Until now, Obama has kept the Syrian civil war -- and its confusing array of rebel factions -- at arm's length, approving only limited support for some "moderate" opposition forces.

That effort, in which a couple of thousand rebels have been reportedly trained by the CIA in Jordan, has been blasted as timid and grossly inadequate by hawks in Washington and Arab allies.

The US president vowed this week to ratchet up support for the rebels, but it remains unclear how much help Washington is ready to provide and whether the West can even identify reliable partners who could form a viable fighting force -- at a time when Islamist hardliners are ascendant.

There are hundreds of rebel groups in Syria, riven by ideological and power rivalries, manned by fighters lacking basic military skills and often dominated by Islamist radicals.

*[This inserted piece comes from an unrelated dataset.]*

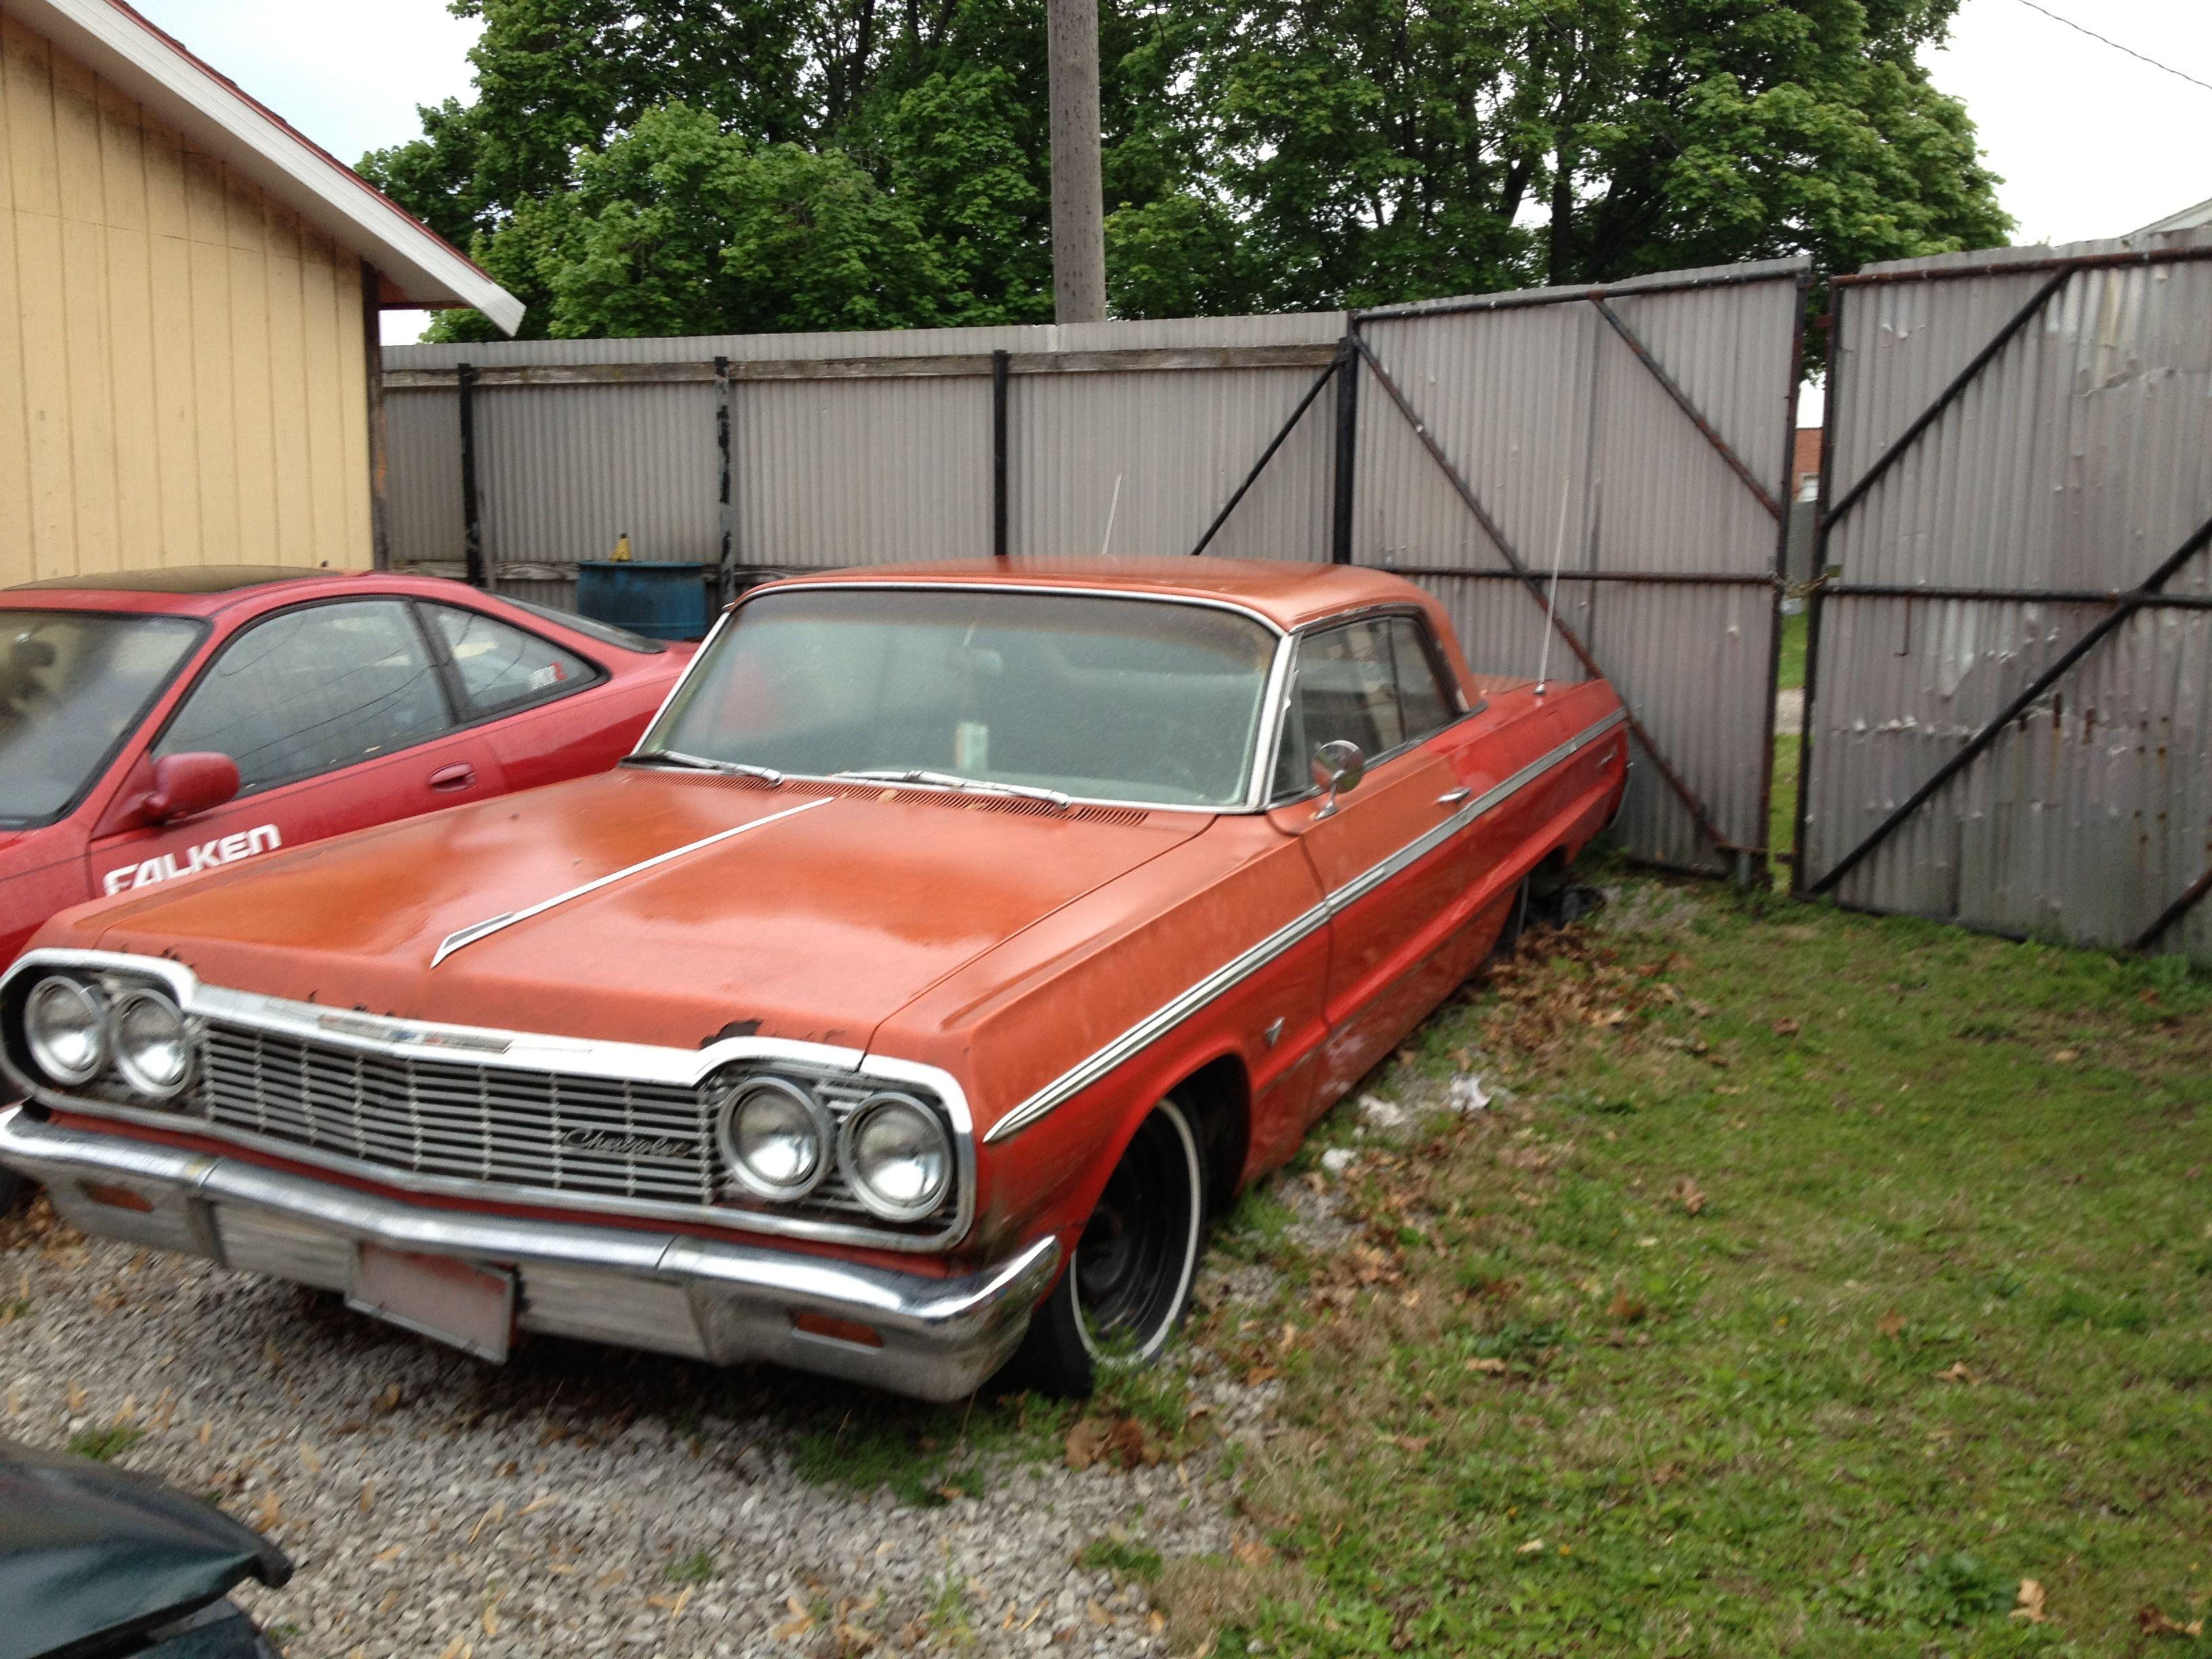 Pin On Impala Restoration Project

Obama has asked Congress for $500 million to train as many as 5,000 rebel fighters over the next year, using US special forces instead of CIA officers. The plan got a boost this week with Saudi Arabia offering to host the training.

But US lawmakers have been less than enthusiastic, complaining Obama has failed to explain exactly what the plan will involve.

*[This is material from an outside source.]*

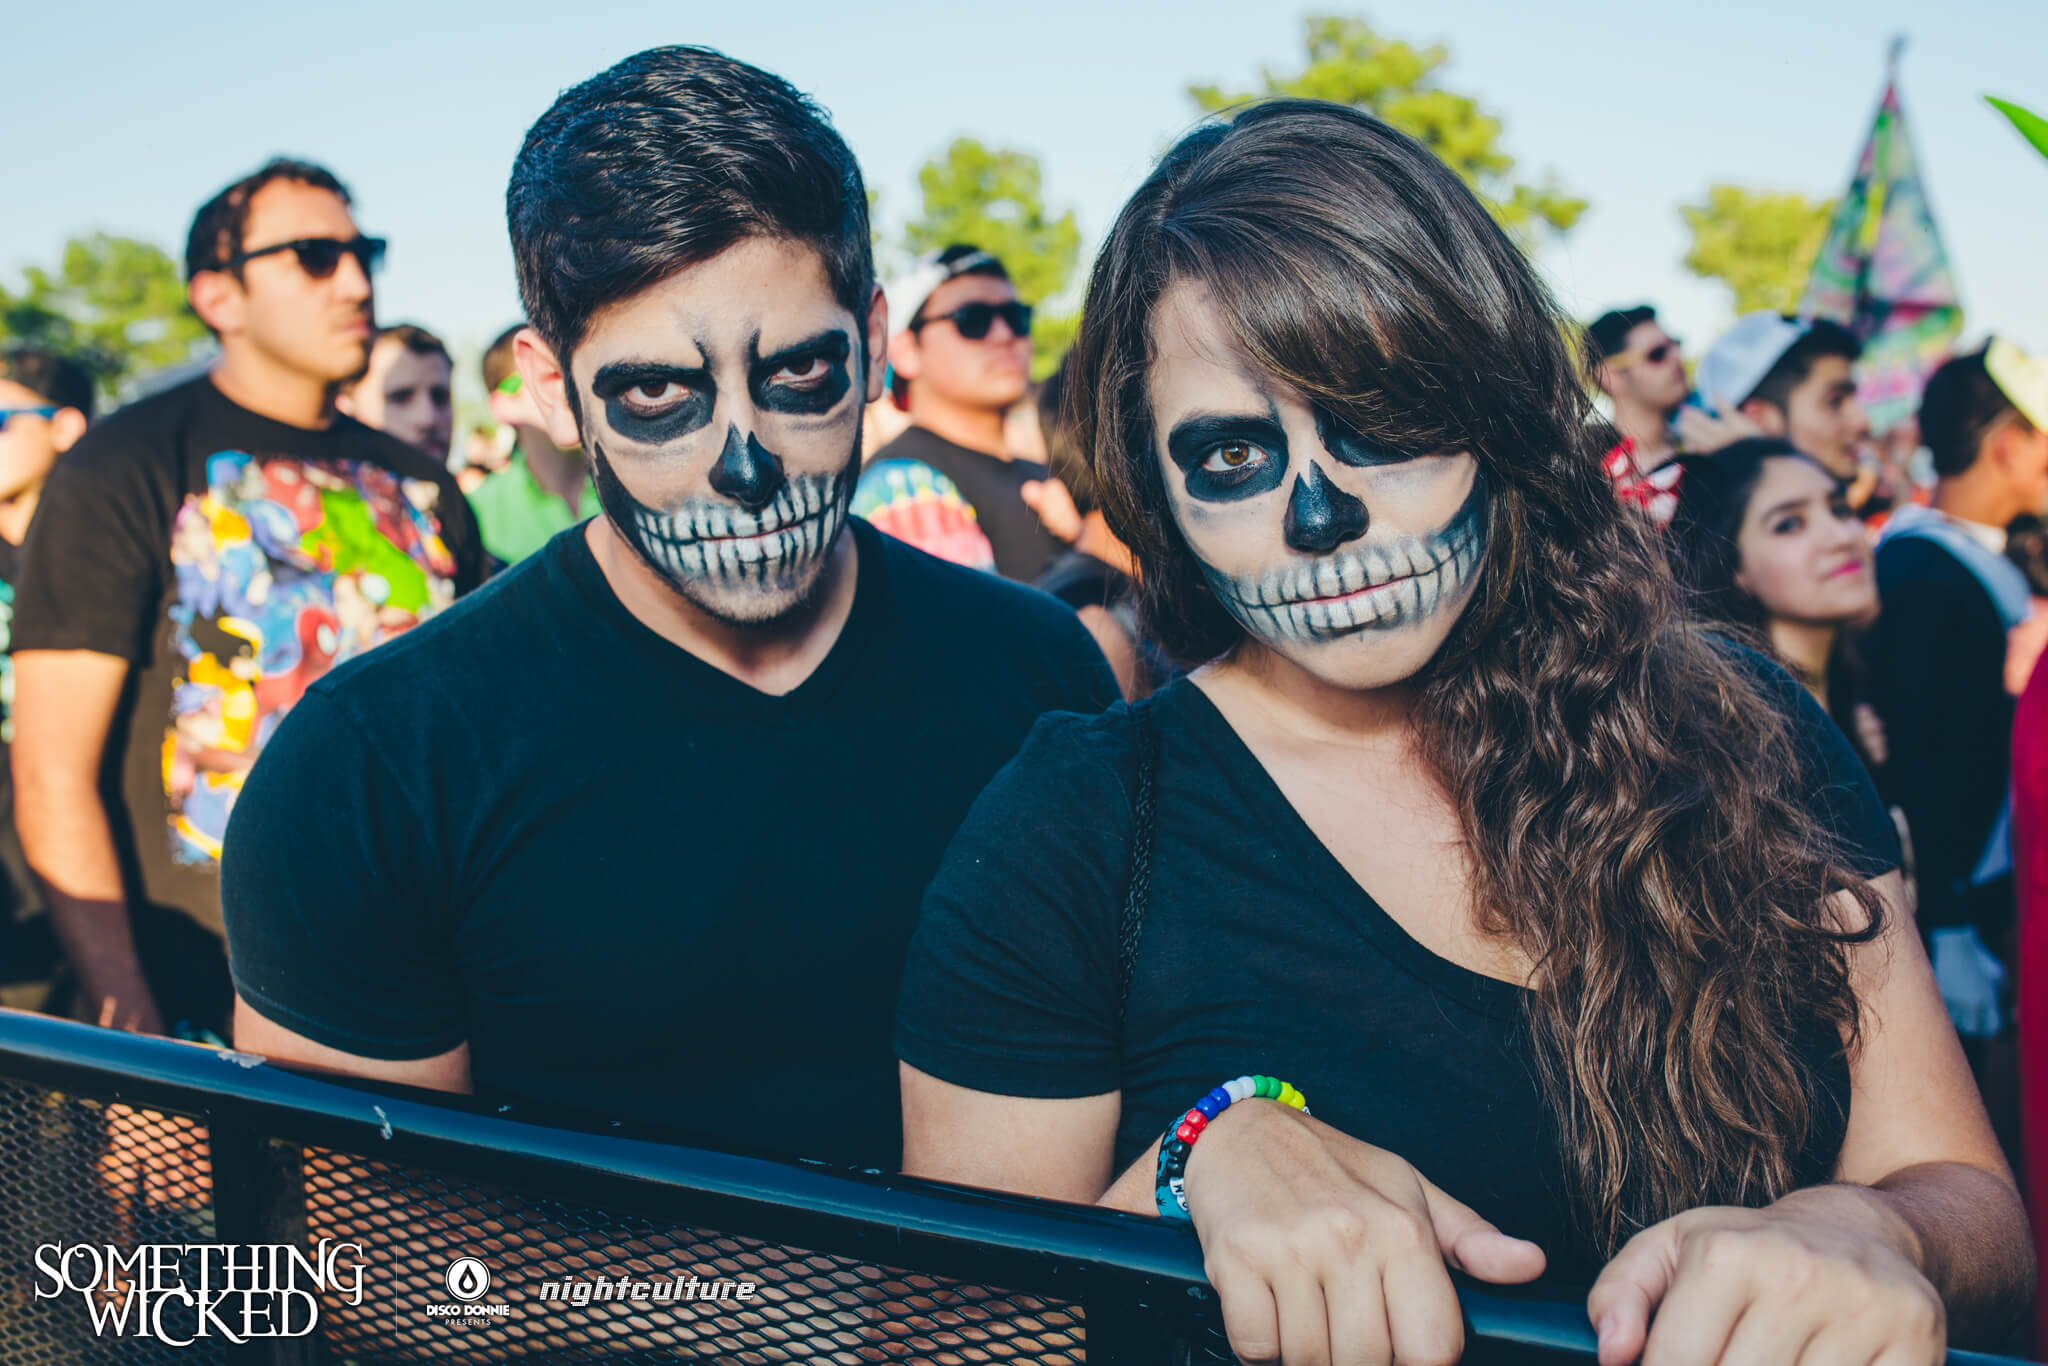 skeleton halloween makeup at something wicked festival

- Islamist or opportunistic -

Senators also insist the US government must find secular-minded rebels to back, though experts who monitor the Syrian conflict say the debate in the United States is "naive."

The issue "is not being discussed at a realistic level," said Aron Lund, editor of Syria in Crisis, a report published by the US-based Carnegie Endowment for International Peace.

"Most of the insurgency is either opportunistic or Islamist to some extent," he told AFP.

The United States will likely have to demonstrate a pragmatic approach, as it has in the past in Iraq, and accept that it will have to work with rebels with an Islamist bent, according to Lund.

If Washington manages to build a small but well-trained rebel force, backed by US air strikes, it could have a significant effect in Syria, especially over time if the group scores battlefield successes.

"A small group with air support can be quite powerful," Lund said.

US officials say their first challenge is vetting recruits to ensure the program does not backfire and end up delivering weapons to anti-Western extremists or even to IS itself.

Dating back to Vietnam, US attempts to construct professional armies often have faltered, usually because the local leaders see the military as a means of holding on to power rather than defending the country, experts say.

The most recent failure occurred only a few months ago in Iraq, where a massive training effort ended with army divisions throwing down their weapons in a humiliating rout by IS militants.

The outcome, after $24 billion worth of training, came as a crushing disappointment to the US military, but most senior officers blamed the sectarian agenda of former prime minister Nuri al-Maliki, who they say appointed political hacks instead of qualified officers.

"The idea was to create an army that was reflective of the Iraqi society and that model broke down after the Iraqis took command of their own forces and the units started to become aligned in a sectarian manner," said Paul Eaton, a retired US major general who led training efforts in Iraq ten years ago.

- High hopes for new Iraqi government -

With Maliki now out of office, Washington hopes a new government in Baghdad will back an army that represents the whole country's population, including the Sunni community that became alienated under Shiite rule.

"The difference is now we have a new government, a government that has publicly proclaimed a desire to be much more inclusive and responsible," Pentagon press secretary Rear Admiral John Kirby said Thursday.

There are, however, frequent reminders of the Iraqi army's defeats.

Daily updates on the results of US air strikes in Iraq show how American aircraft are regularly blowing up Humvees and other US-made equipment, which was seized by the jihadists in the wake of the Iraqi troops' retreat.